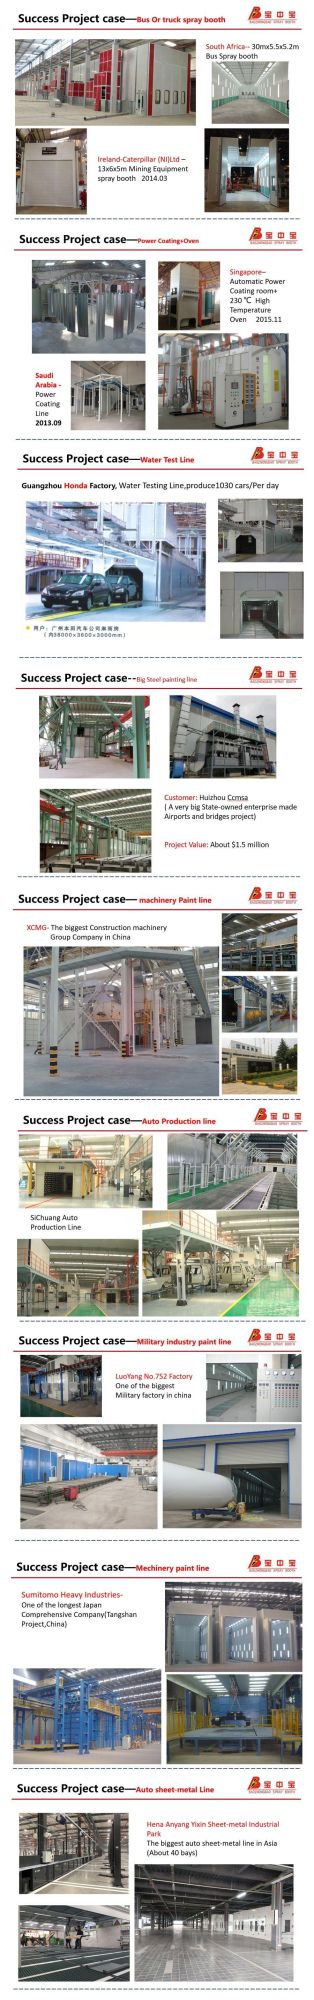 Wind Power: Spraybooths for Blades and Nacelles China Spray Booth
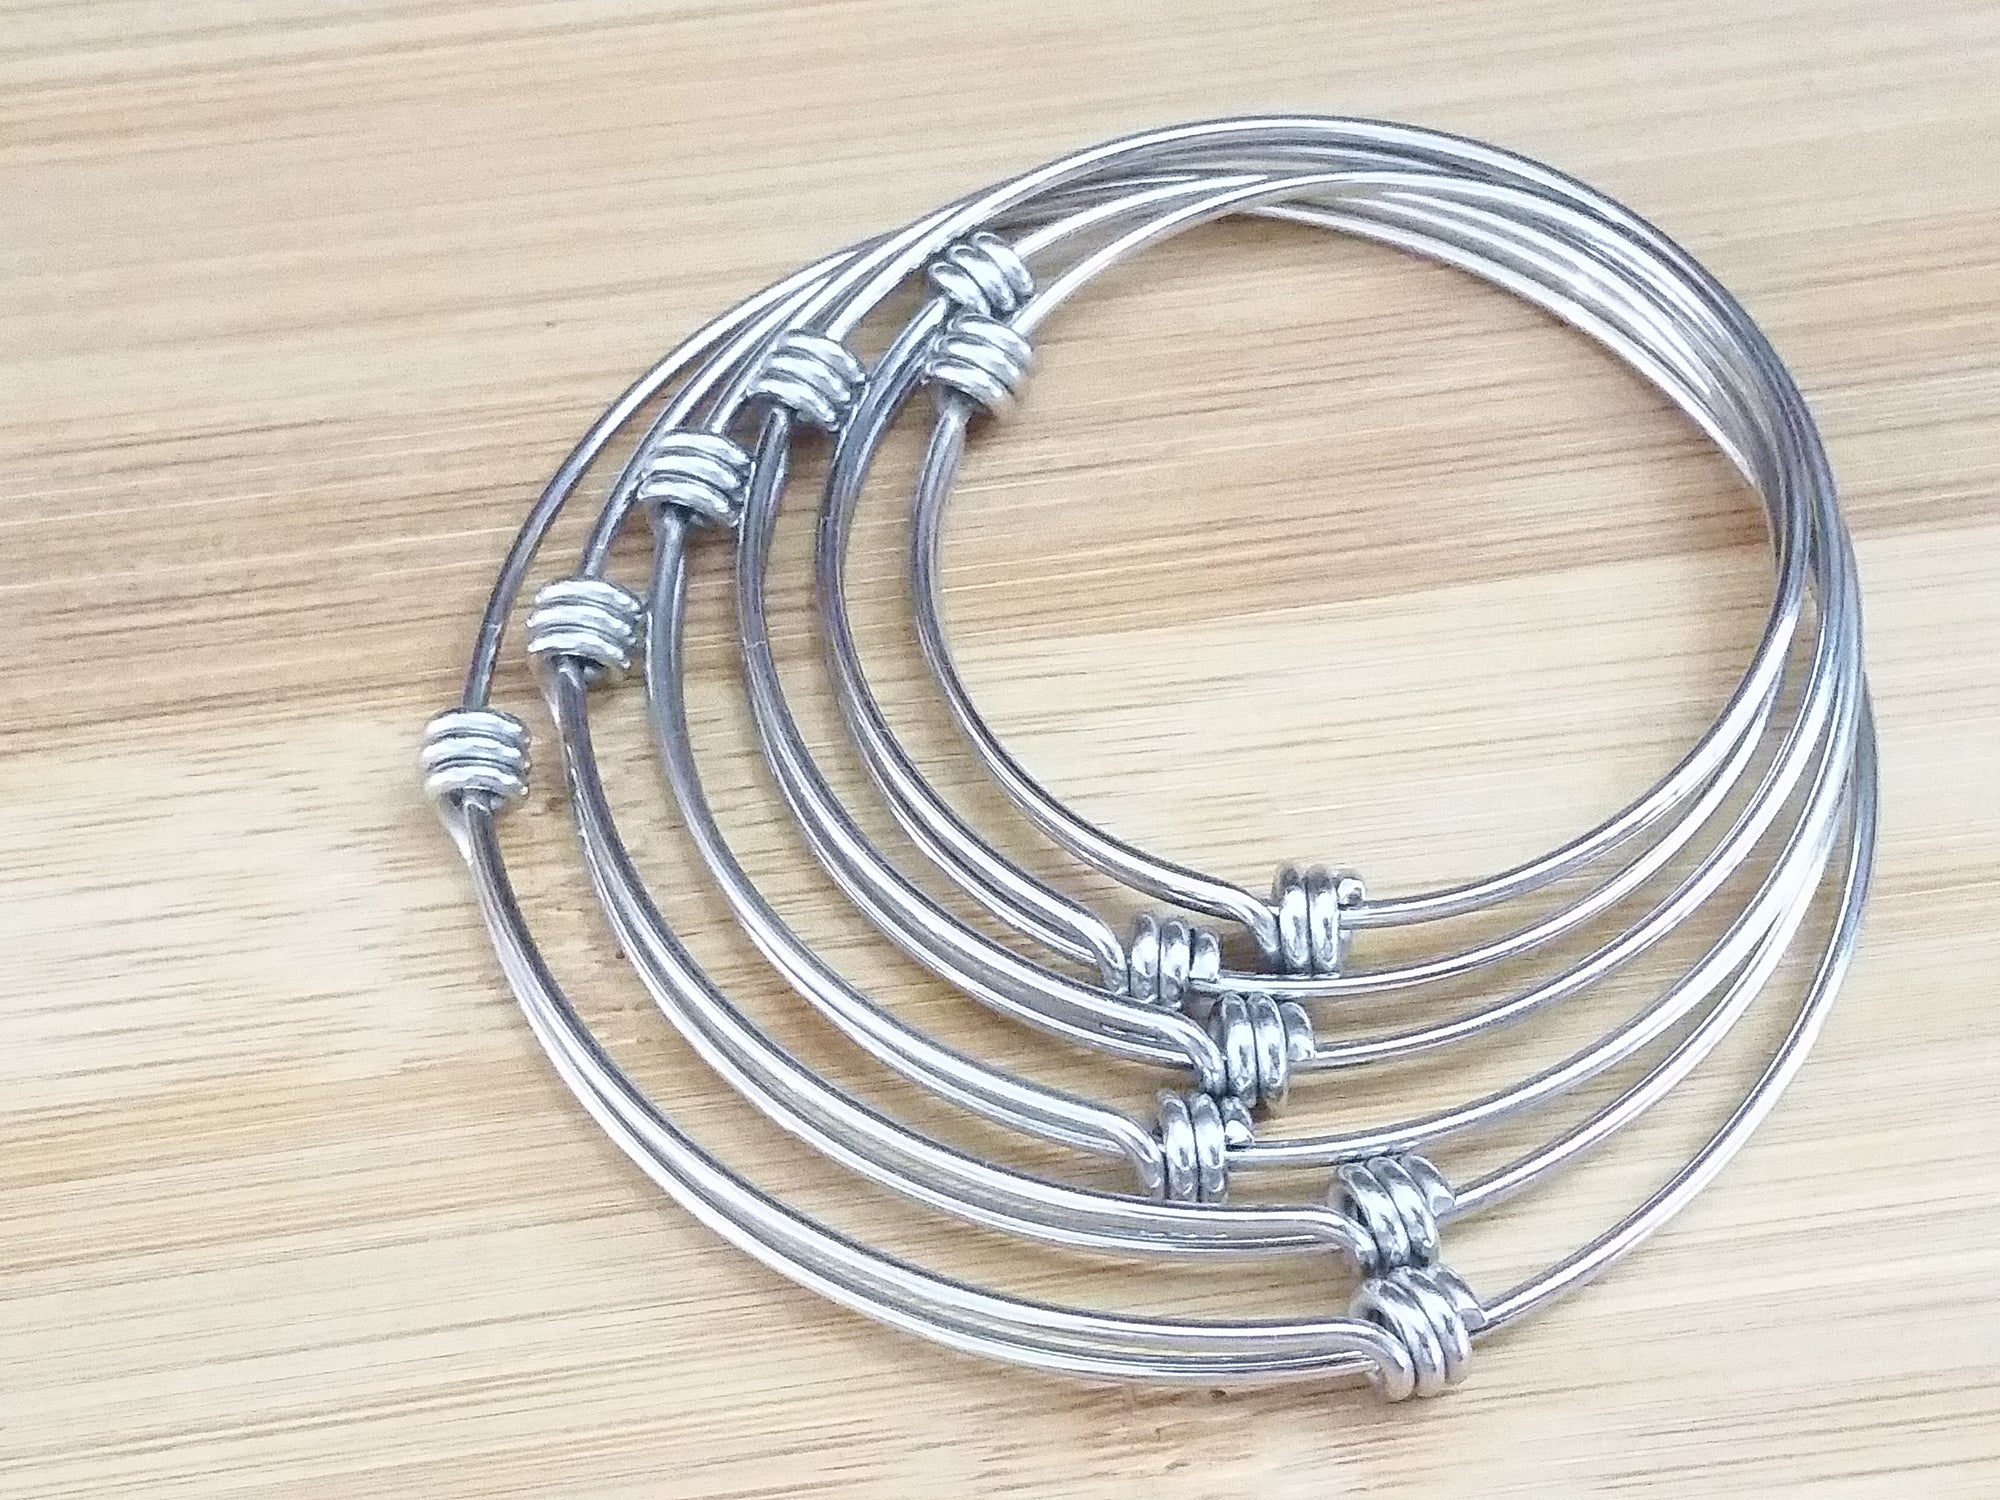 Hand Made Stainless Steel Wide Bangle - Etsy | Stainless steel bangles,  Bangles, Silver bangle bracelets
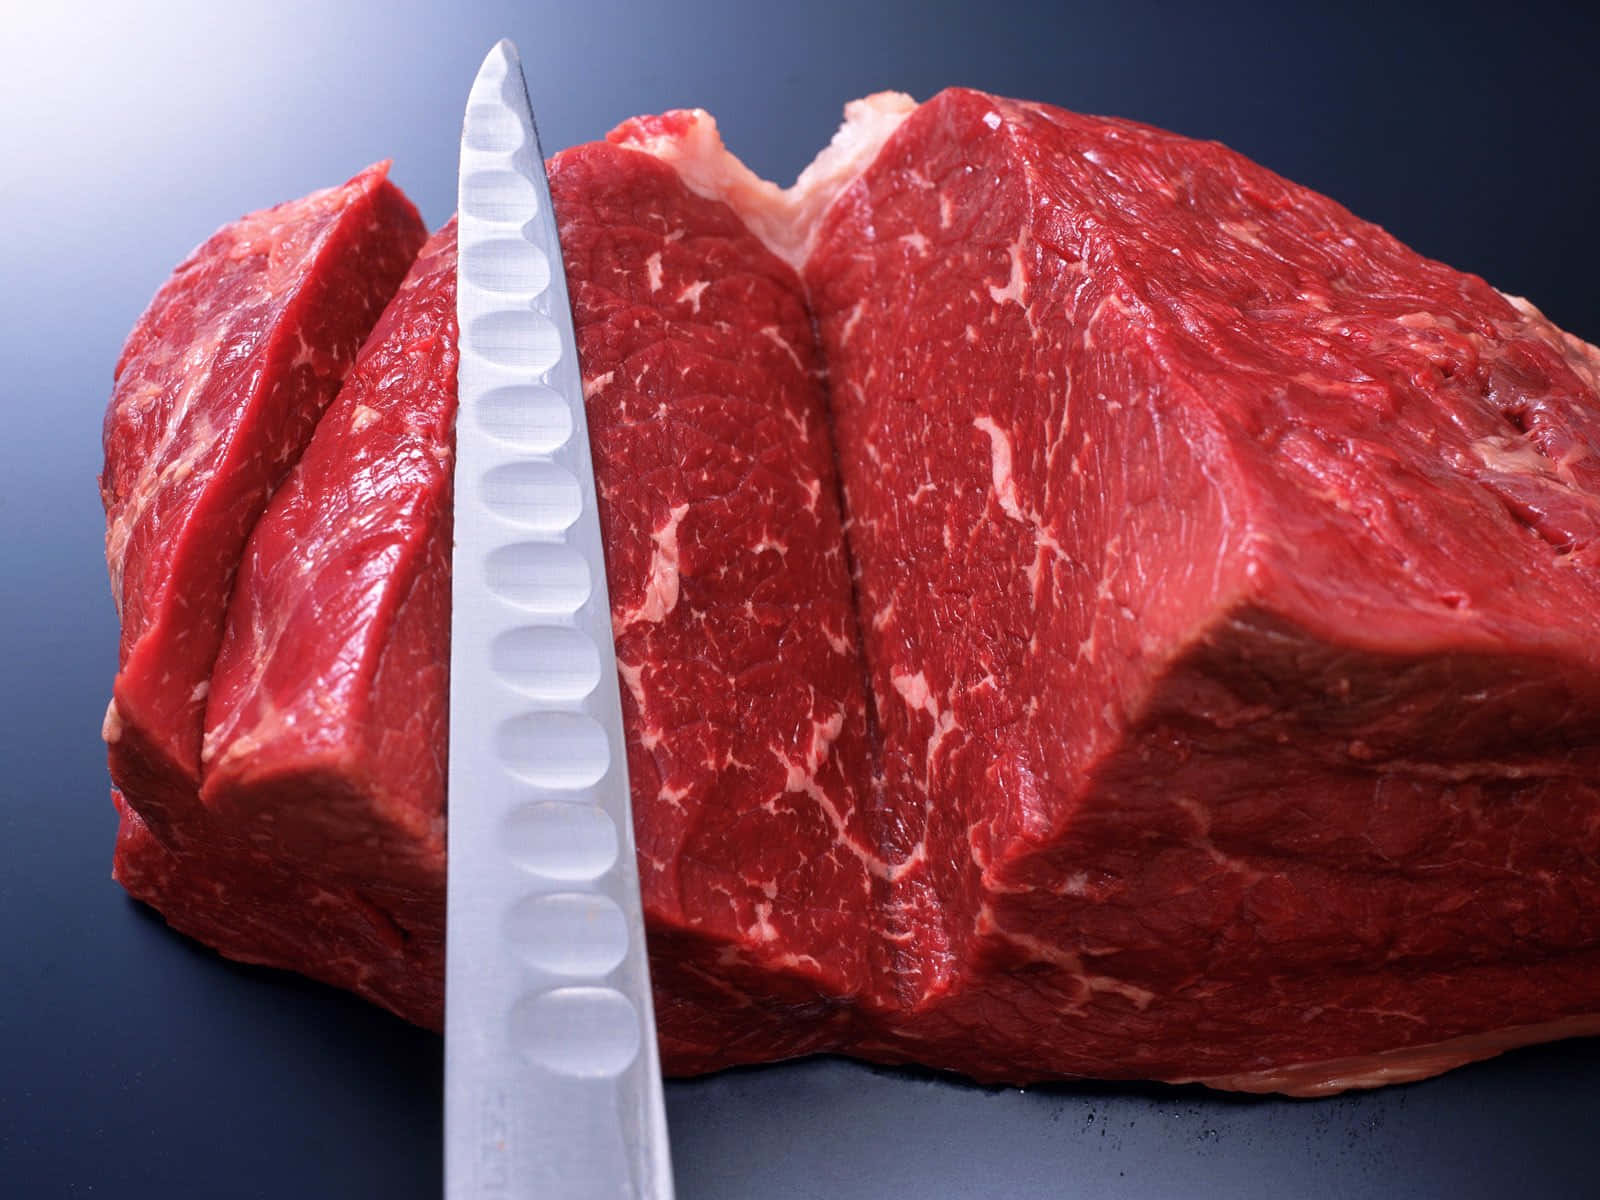 Juicy Red Meat in High Resolution Wallpaper

▶ [EXERCISE GOAL]:
Write out all of the data above exactly, pictures excluded.

▶ [ANSWER FOR THE TASK]:
 Wind Power: Spraybooths for Blades and Nacelles China Spray Booth
 Hand Made Stainless Steel Wide Bangle - Etsy | Stainless steel bangles,  Bangles, Silver bangle bracelets
 Juicy Red Meat in High Resolution Wallpaper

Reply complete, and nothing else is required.